As one of the few remaining World War II vets from the “Greatest Generation” in Wyoming, he looks back over the past century with the war years still vivid in his mind.
“I’m just a survivor,” he said. “I’m no kind of hero.”
But his boots-on-the-ground memories of his time overseas reflect a man who did his duty. The Purple Heart on the shelf is a symbol of the cost.
Sitting in his two-level home where he and his wife, Kaye, raised their five children, Willis showed Cowboy State Daily two Nazi flags, a German tanker sheepskin jacket, Nazi arm band, German soldier jackets made of rabbit fur, German field glasses and two pistols — a German Luger and Hungarian .38-caliber pistol.
He also had put a 4-foot bronze-handled ceremonial sword in a black sheath on a bed.
“This was from burgomaster’s office in Deggendorf, Germany,” he said. “These are my prizes.”
The treasures from his time in Europe speak of when GIs broke the chains of Nazi rule that enslaved the European people and returned home with a few spoils of war.
The pistols came from piles of weapons Americans demanded Germans turn over after they took German towns.
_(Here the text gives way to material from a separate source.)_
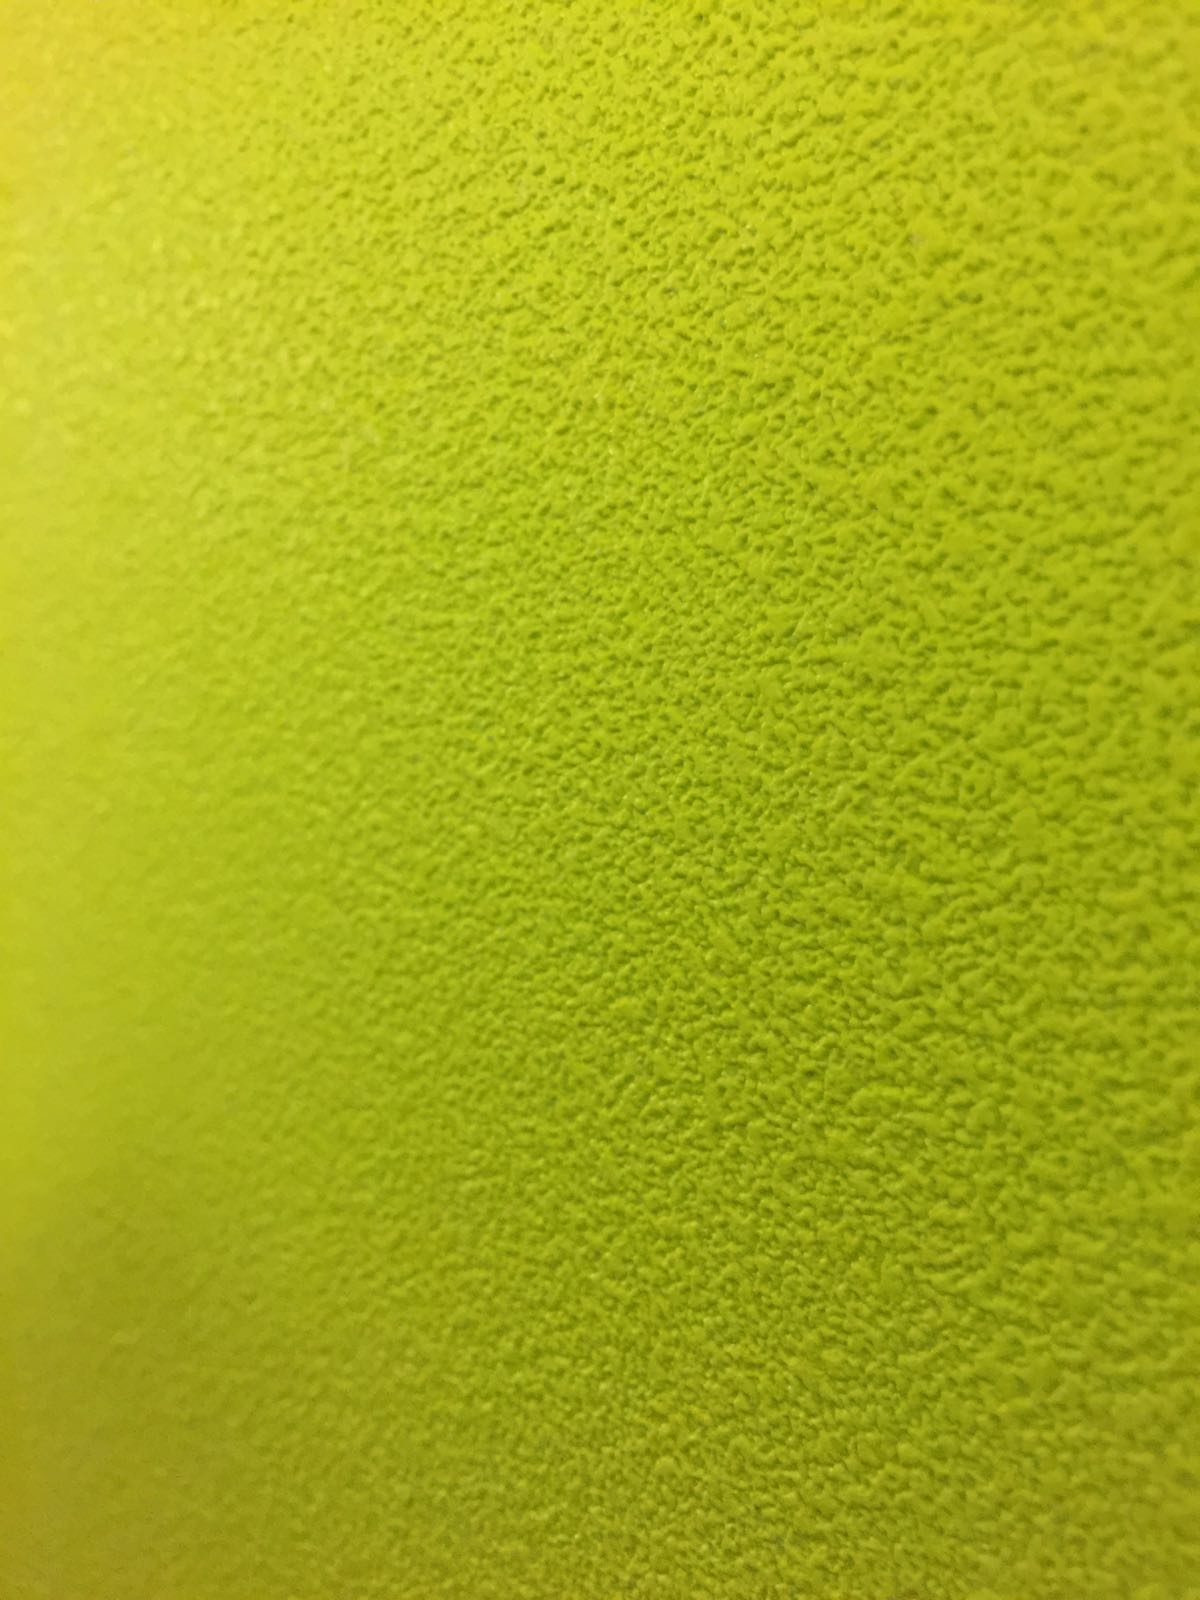 楽天市場 壁紙 のりなし 1m単位 切り売り イエローグリーン 黄緑の壁紙 セレクション 壁紙屋本舗 壁紙屋本舗 カベガミヤホンポ みんなのレビュー 口コミ

The jackets came from warehouses that supplied German troops, and the Nazi armband may have come from a house that he occupied along the way.
On a basement wall is a world map with red pins detailing all the places his boots covered in Europe during the war.
The son of an LDS couple, Andrew and Amy Willis, who moved to Cowley, Wyoming, to help settle that town, Willis was born Jan. 10, 1925.
His father, who was a graduate of the University of Wyoming, decided to move to Laramie in 1929 and take a position with the university’s extension service.
When Pearl Harbor was bombed on Dec. 7, 1941, Andrew Willis, a World War I veteran and member of the Wyoming National Guard, was called into active duty as an officer, his son recounted.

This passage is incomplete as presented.